Cela faisait cinquante ans que la région comprise entre Paris et la mer connaissait ces attaques des hommes venus du Nord. Les faubourgs de Paris avaient d’ailleurs déjà été attaqués plusieurs fois, mais jamais l’île fortifiée de la cité. Cette fois-ci, cependant, les Vikings demandent l’autorisation de remonter la Seine plus en amont. Si cette faveur leur est accordée, la ville ne subira aucun dommage. Gauzlin, l’évêque de Paris, refuse et c’est le début des affrontements. Les remparts tiennent bon et les assaillants subissent de lourdes pertes. Pour se venger, ils pillent la région et décident de faire le siège de la capitale du royaume franc, lequel durera un an. A la fin, ayant reçu une importante somme d’argent de la part de l’évêque, Les vikings s’en vont conquérir la région de Bayeux.

La faiblesse des rois carolingiens à s’opposer efficacement aux Vikings leur sera fatale. En effet, le roi Charles III le Gros, qui revient de Germanie avec son armée (un peu tard), préfère à son tour payer une grosse somme d’argent plutôt que d’affronter militairement les envahisseurs. Il aurait même consenti à ce qu’ils remontent la Seine, contribuant ainsi à la mise à sac de la Bourgogne. Conséquence : il sera destitué peu après et les seigneurs français élisent comme roi le comte Eudes (le fils de Robert le Fort), qui lui s’était fait remarquer par ses prouesses pendant le siège de Paris.

Mais revenons à Rollon, qui semble donc bien avoir participé à ce fameux siège. Ce qui est sûr, c’est qu’il a conquis Bayeux et qu’il a pillé la Bourgogne. On sait qu’il a épousé (de force, ce qui nous fait réfléchir sur la triste destinée des femmes en temps de guerre) une certaine Poppa, fille du comte Béranger de Bayeux, que Rollon tua de ses propres mains. Il s’installe et commence à développer des alliances avec les autorités franques en place. On peut donc estimer que vers 910, il n’est plus le simple chef d’une bande de pillards, mais un seigneur établi sur ses terres.

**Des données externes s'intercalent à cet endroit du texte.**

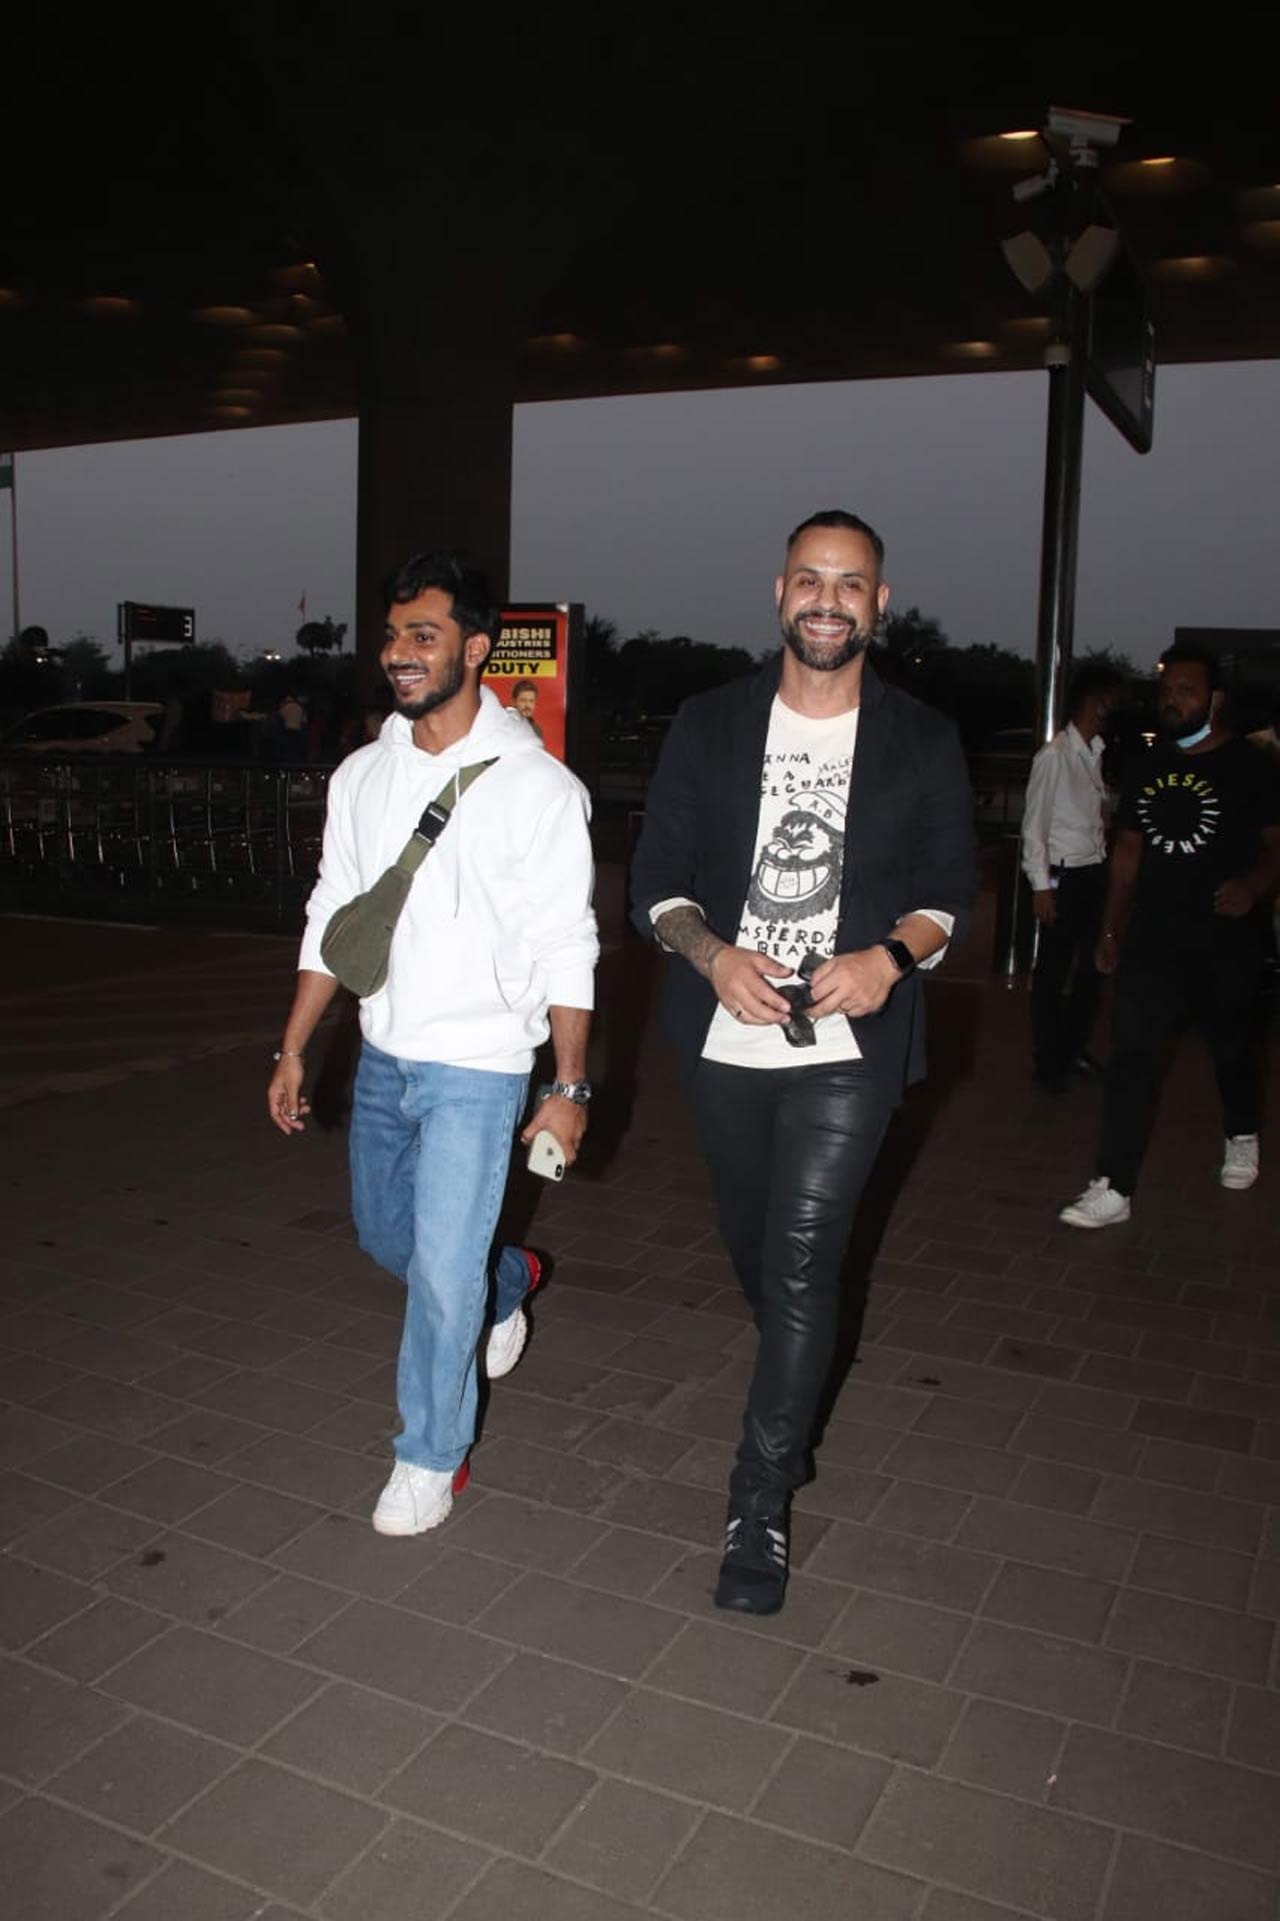 Vicky Kaushal and Katrina Kaif are all set to tie the knot in a royal Rajwadi style wedding. To bless the duo, their family and friends have already started leaving the city as the wedding is happening in Rajasthan. Katrina Kaif's hair stylist Amir Thakur and makeup artist Daniel Bauer were snapped at the Mumbai airport, as they left for Rajasthan early in the morning.

Cela ne l’empêche pas de continuer de guerroyer, mais vers 910 il échoue à prendre Chartres. C’est à ce moment que Charles le Simple (roi carolingien de la Francie occidentale) négocie avec lui le traité de Saint-Clair-sur-Epte (911), qui permet à Rollon de s’installer définitivement dans une partie de la Neustrie (autour de Rouen). La condition de la cession de ces terres (le futur duché de Normandie) était que Rollon empêche l’arrivée d’autres envahisseurs nordiques. Le roi carolingien agit donc comme avaient agi avant lui les derniers empereurs romains. Eux aussi avaient dû accepter l’installation de barbares à leurs frontières et même sur leurs territoires et eux aussi avaient demandé en échange que les nouveaux venus garantissent les frontières de l’empire, que les légions romaines ou gallo-romaines ne parvenaient plus à défendre.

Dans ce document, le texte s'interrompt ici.